- Description of the task:
From the first line to the last, restate the data exactly, leaving out the images.

- Exercise data:
==*==
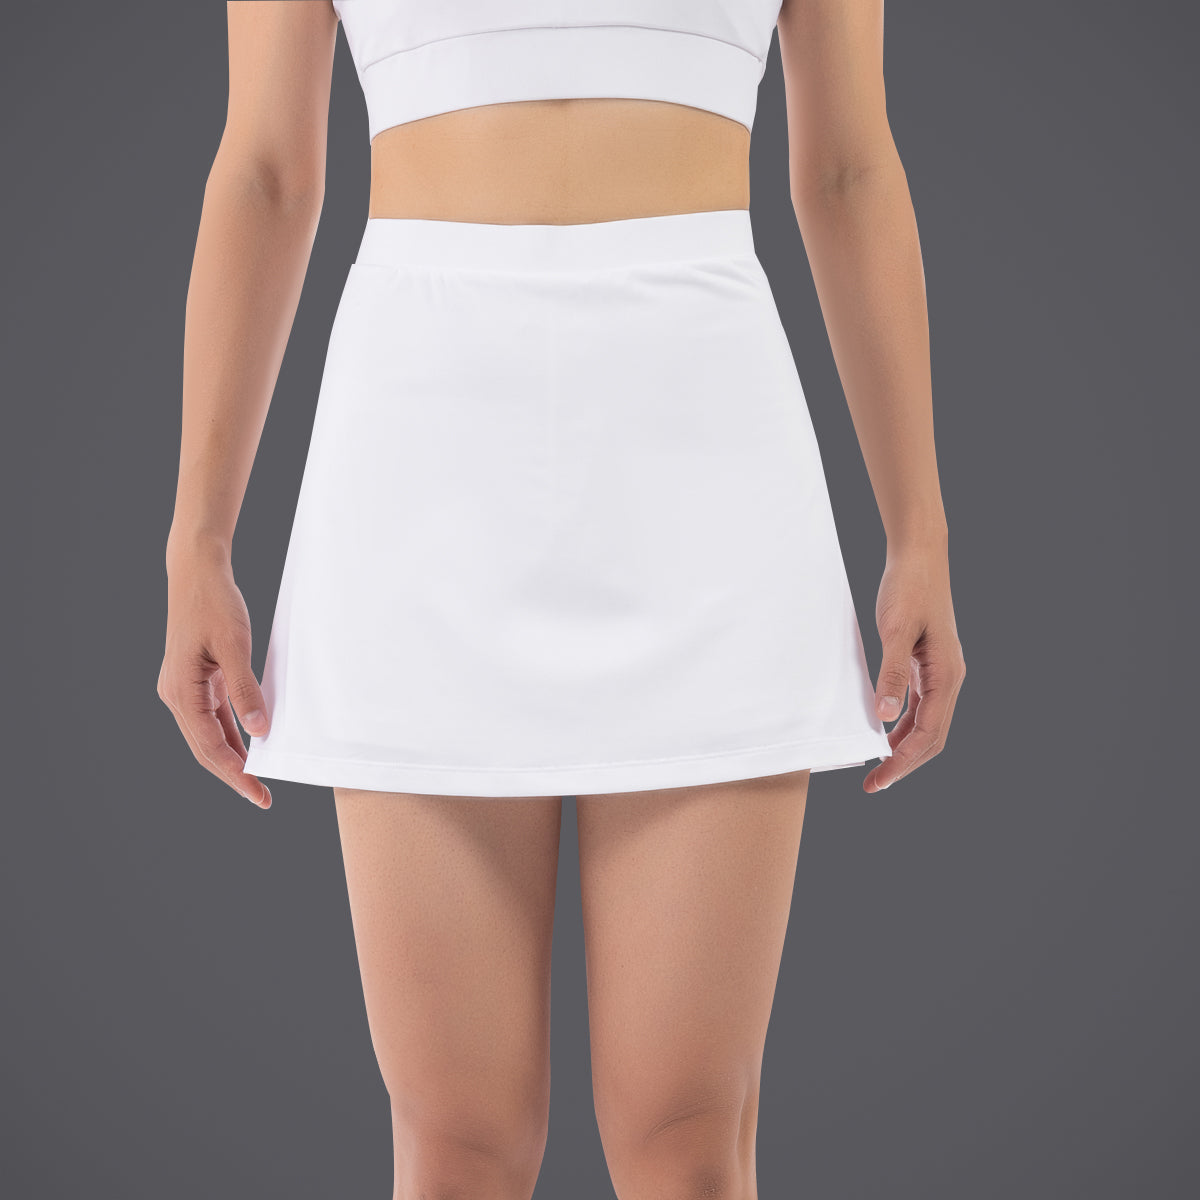 Santic Custom Womens Sports Skirt
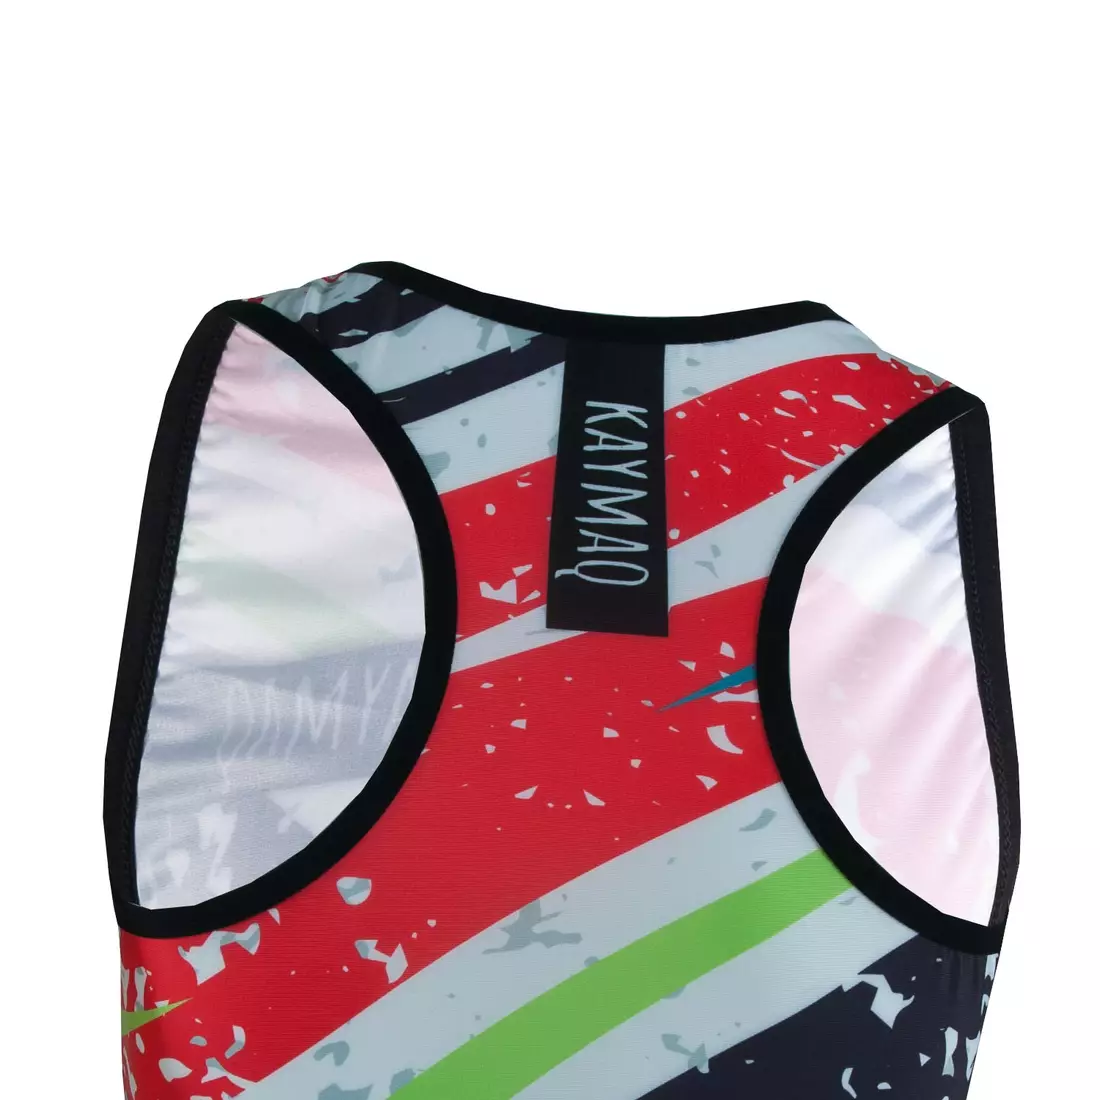 KAYMAQ DESIGN W25 dámský cyklistický dres bez rukávů 01.218, růžový
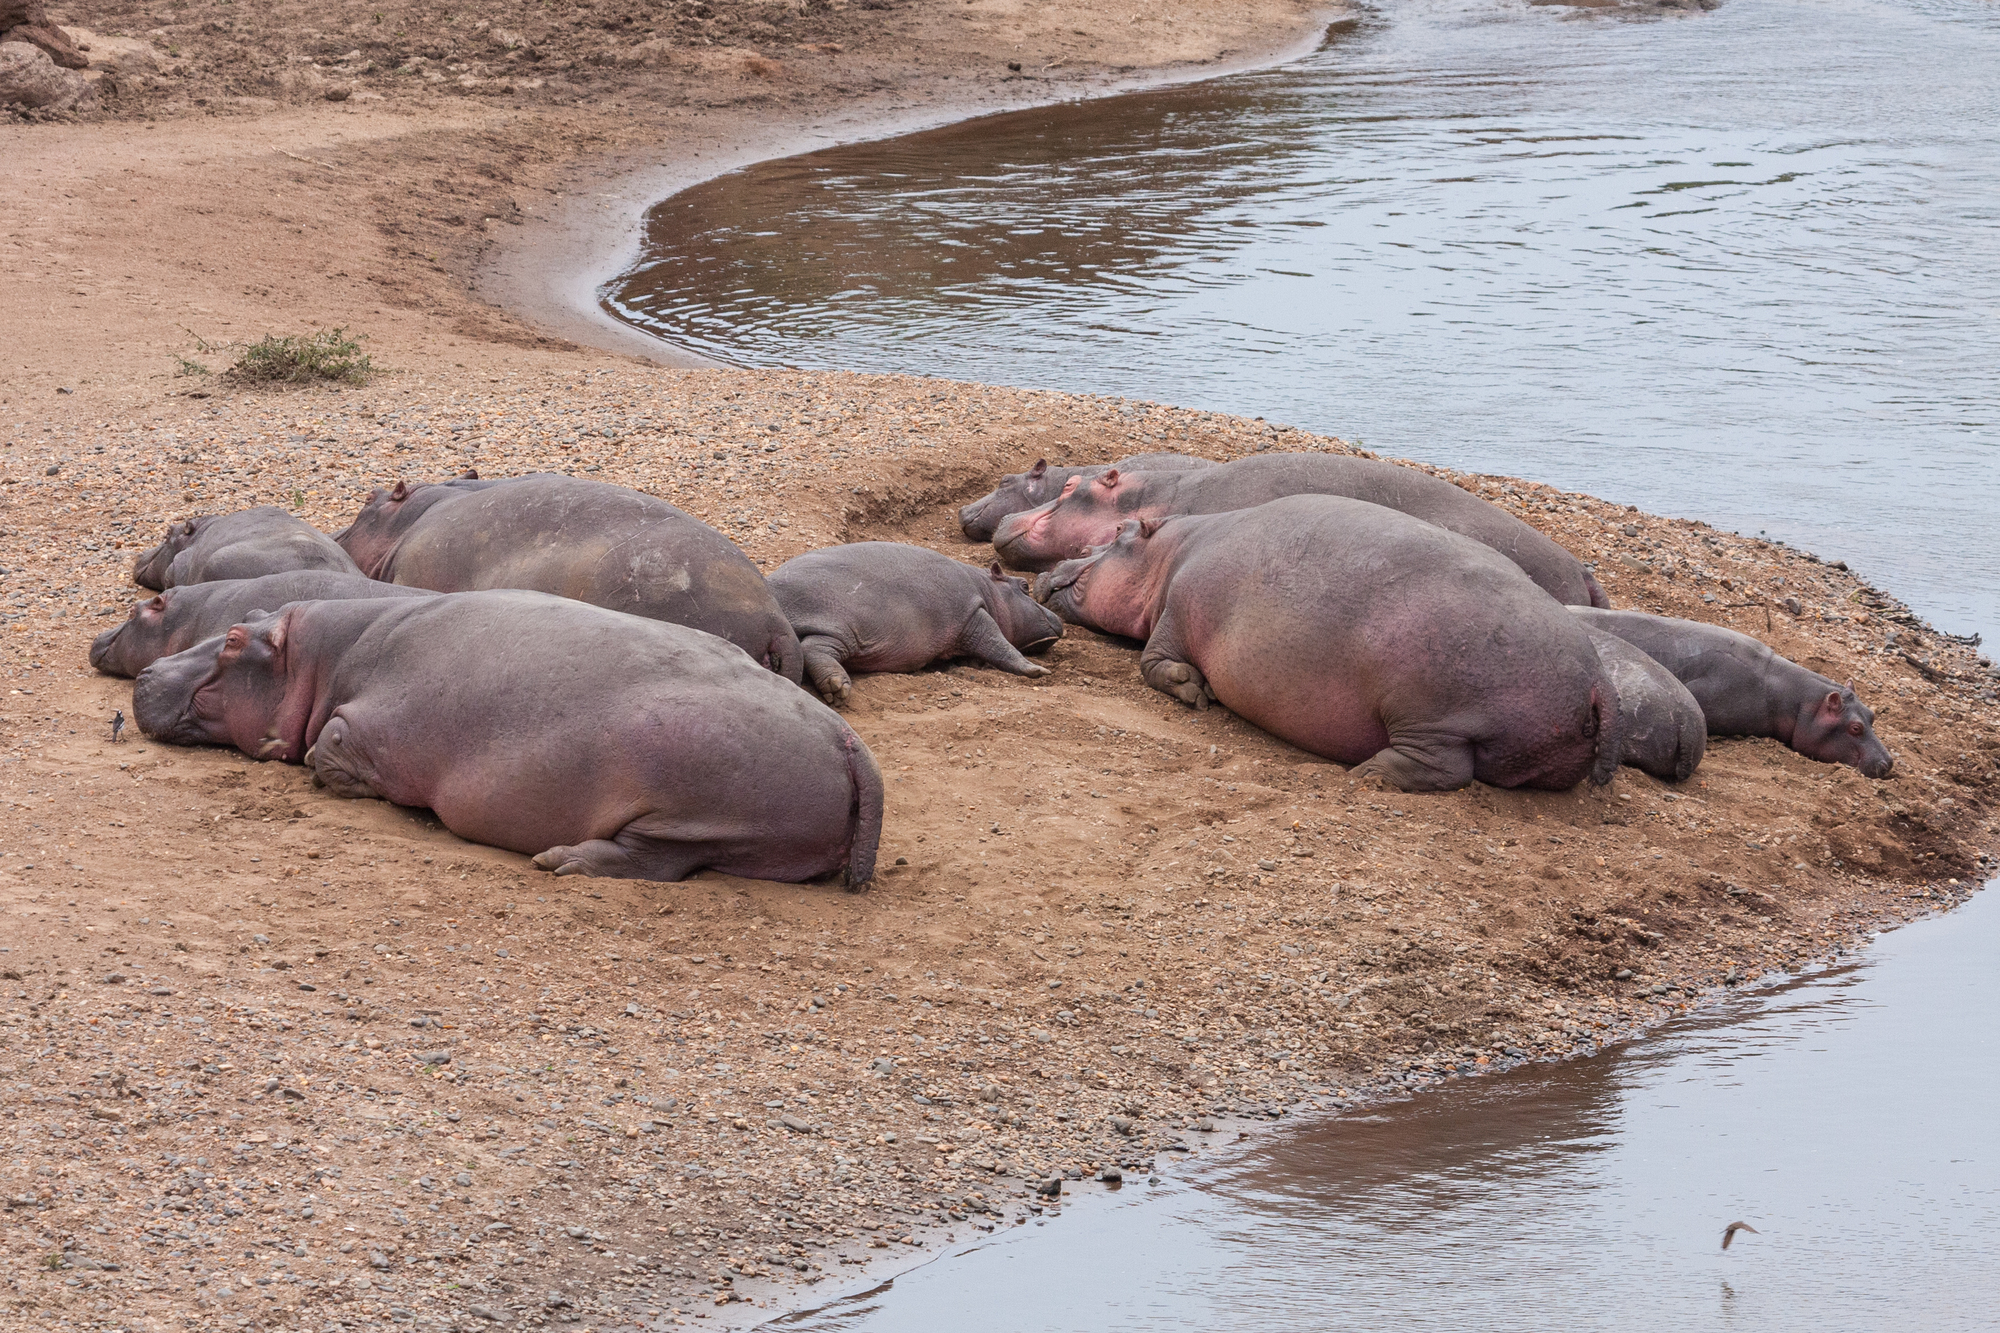 Hippos on the shores of the Mara River in Masai Mara, Kenya. Image credit: Courtesy of Grégoire Dubois
==*==
- Your response:
 Santic Custom Womens Sports Skirt
 KAYMAQ DESIGN W25 dámský cyklistický dres bez rukávů 01.218, růžový
 Hippos on the shores of the Mara River in Masai Mara, Kenya. Image credit: Courtesy of Grégoire Dubois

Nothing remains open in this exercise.